Envoy Retries and Outlier Detection

This repo demonstrates how Envoy retries and outlier detection behave in real practice.

TL;DR

  • Show you how to verify the retry and outlier detection via some stats and logging.
  • Istio by default retries on the application code 503, because of retriable-code: 503 is configured.
  • TODO:

outlier detection confirmation Relationship of outlier detection and retry retry only use the healthy ep and failed results affecting outlier detection?; single endpoint panic mode; gateway different endpoint exp; Istio DR config.

Configuration

The high level structure of the repo:

  • app/, go program, contains a sample Golang HTTP server.
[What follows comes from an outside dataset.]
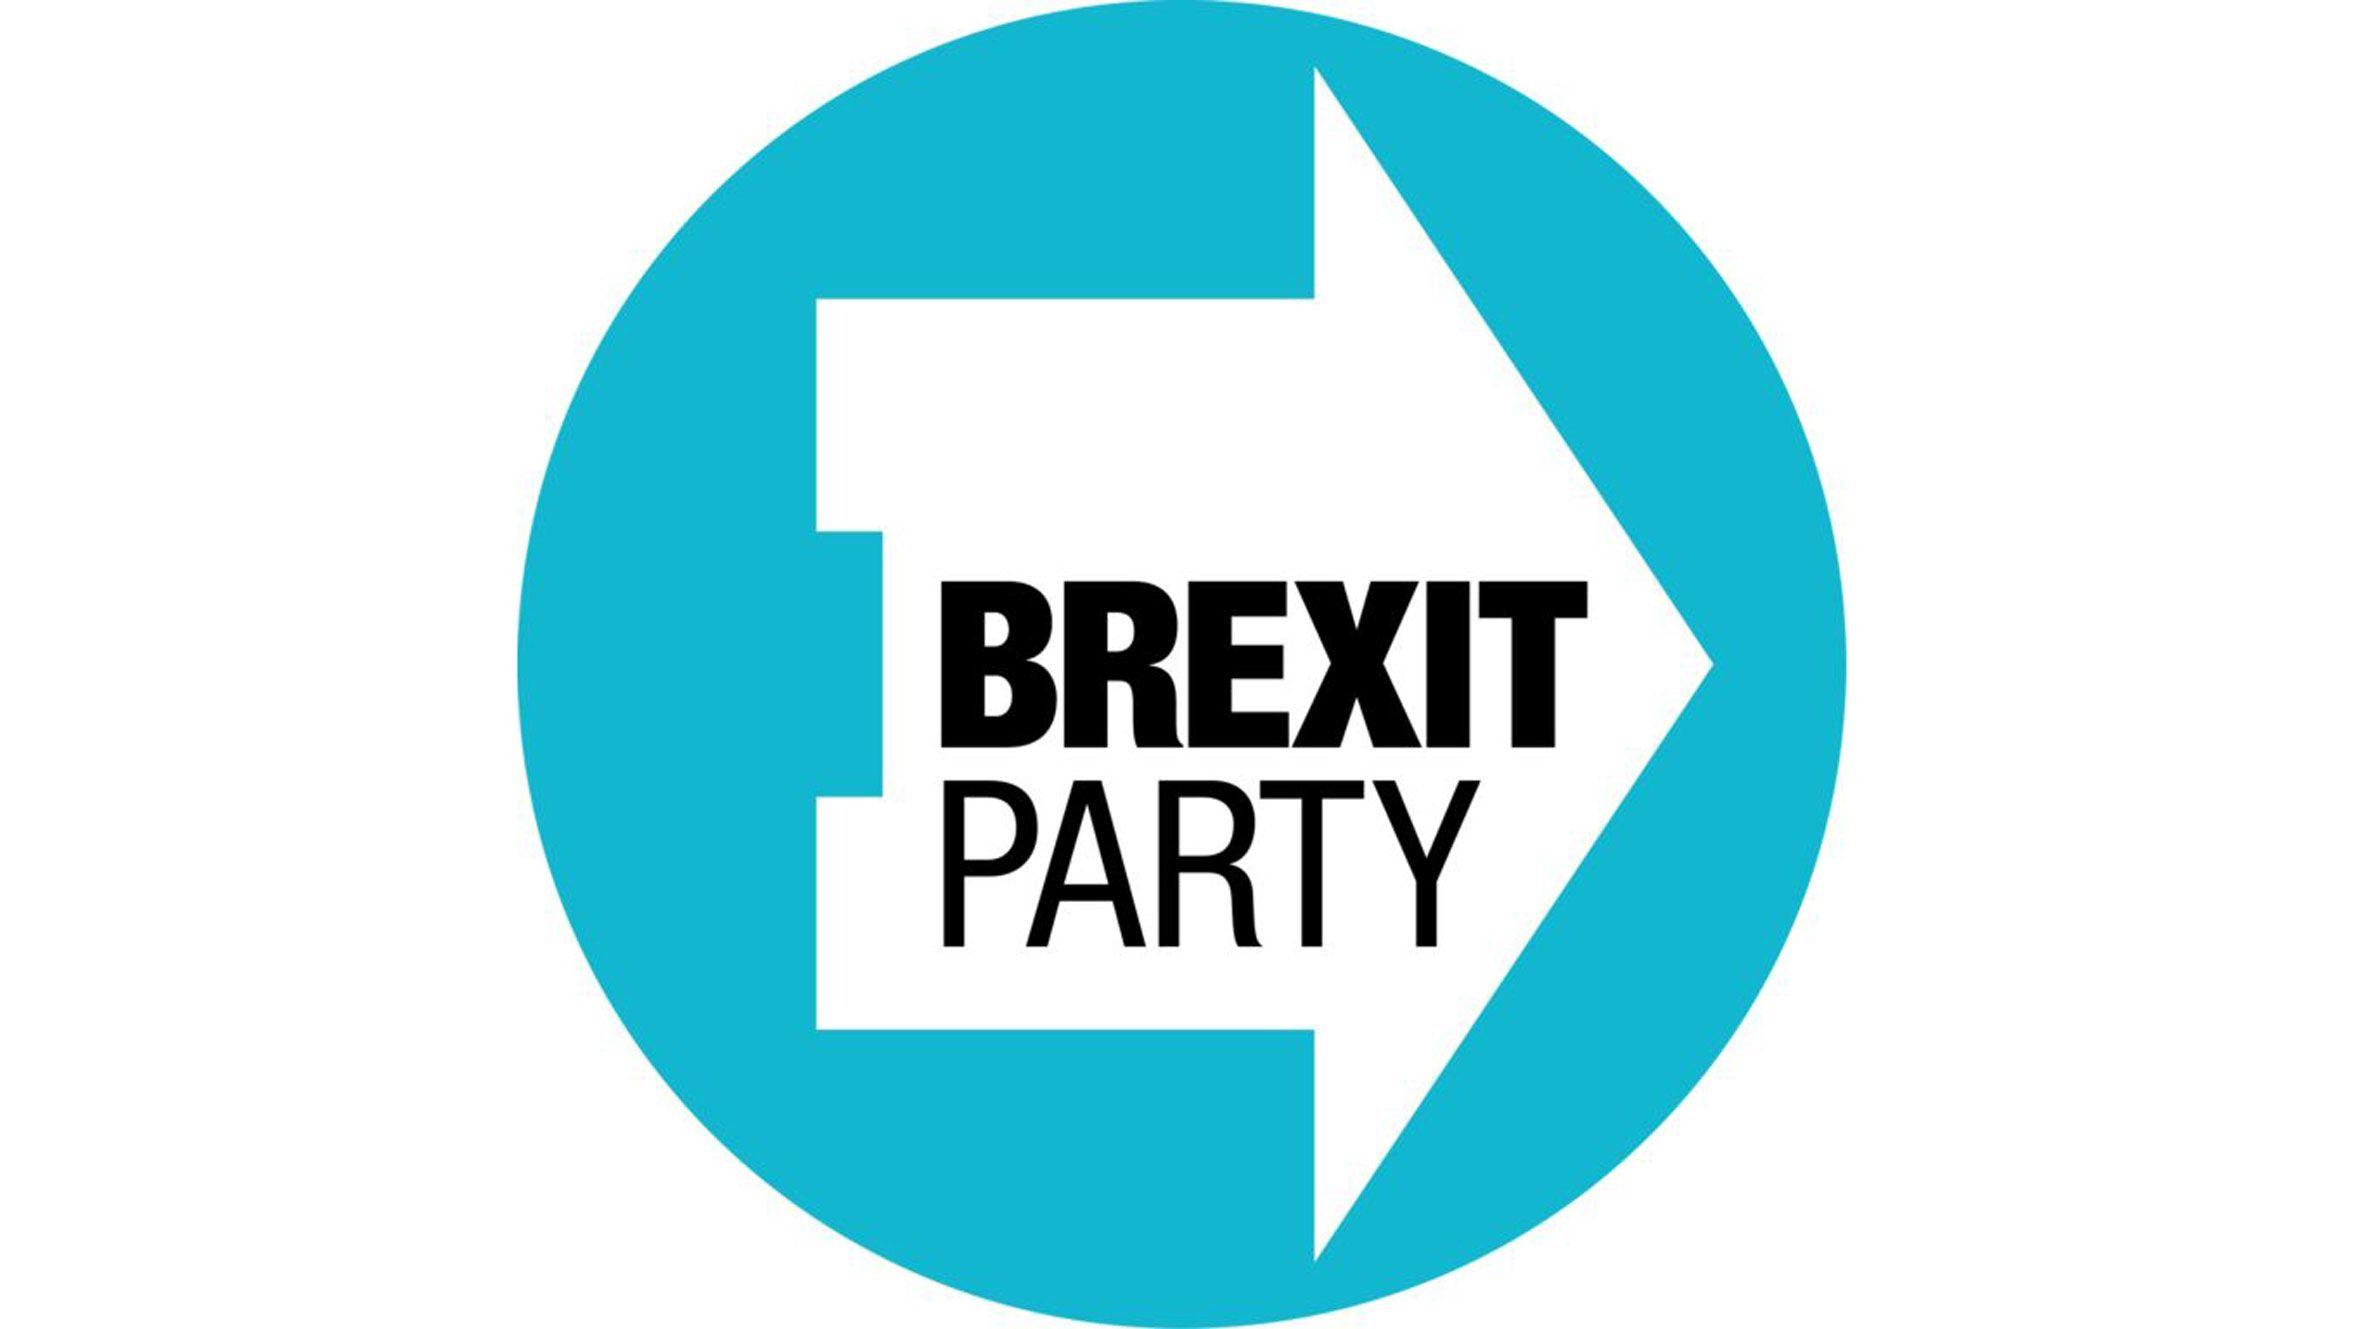 Ukip Logo - Brexit Party logo is

Some arguments
    1. --http=8080 port specifies the HTTP server port.
    2. --tcp=3000 specifies the TCP ports.
    3. /code/<200|503> allows to specify the pre-known response from the server.
  • envoy-client.yaml, serve as entry point for the testing, listening on port 7000
  • envoy-gateawy.yaml, serve as the second hop of the traffic flow.

Setup

# Start the envoy client
func-e run -c ./envoy-client.yaml -l "trace"

# Optional, start the envoy gateway.
func-e run -c ./envoy-gateway.yaml --base-id 1

# Start the application with name as foo.
go run ./main.go --id foo --http 8080 --tcp=3000

# Optional, start the application with name as bar.
go run ./main.go --id bar --http=8081

Verification Info

We need to check whether retries, and outlier detection happened or not.
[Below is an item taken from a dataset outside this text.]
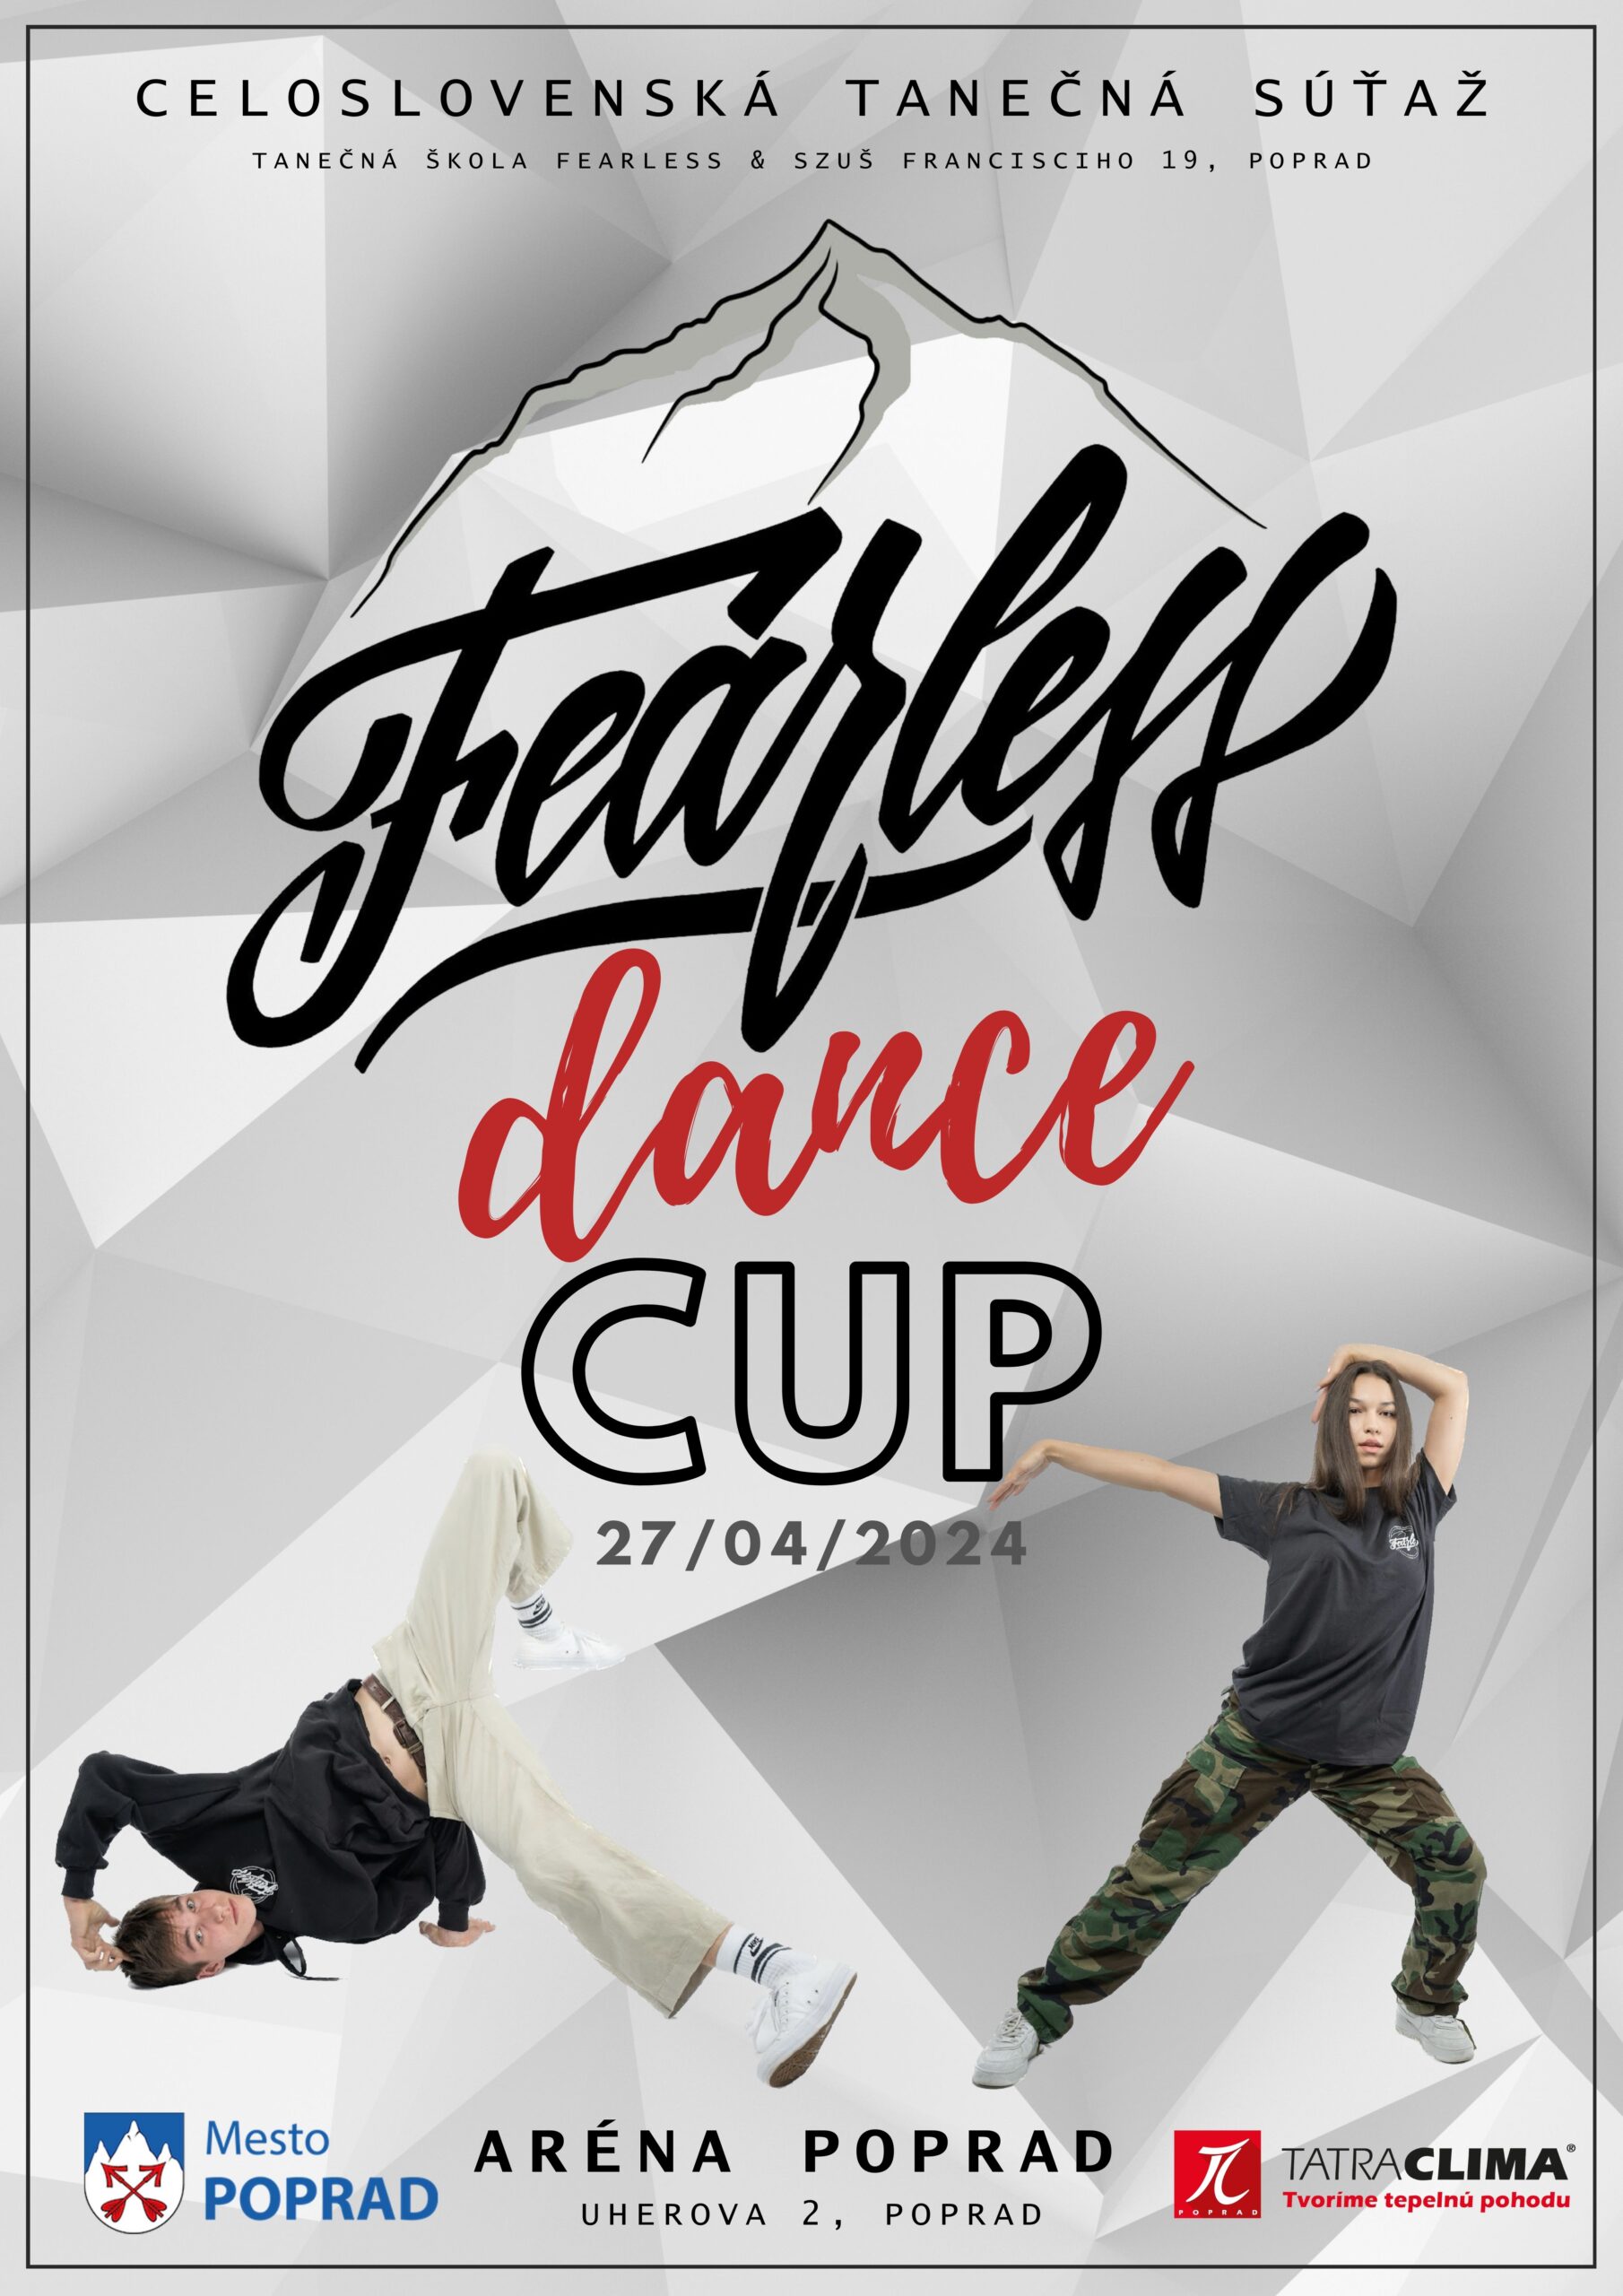 Fearless dance cup - Celoslovenská tanečná súťaž

For retries, curl localhost:15000/stats | grep "<cluster-name>.*upstream.*re". We can also verifies the retries since every request is logged in the Golang HTTP server.

For outlier detection, curl localhost:15000/stats -s | grep '<cluster-name>.*outlier'. Moreover, the envoy bootstrap config also specify the cluster_manager.outlier_detection. This makes envoy output a JSON formatted log line when an ejection happens.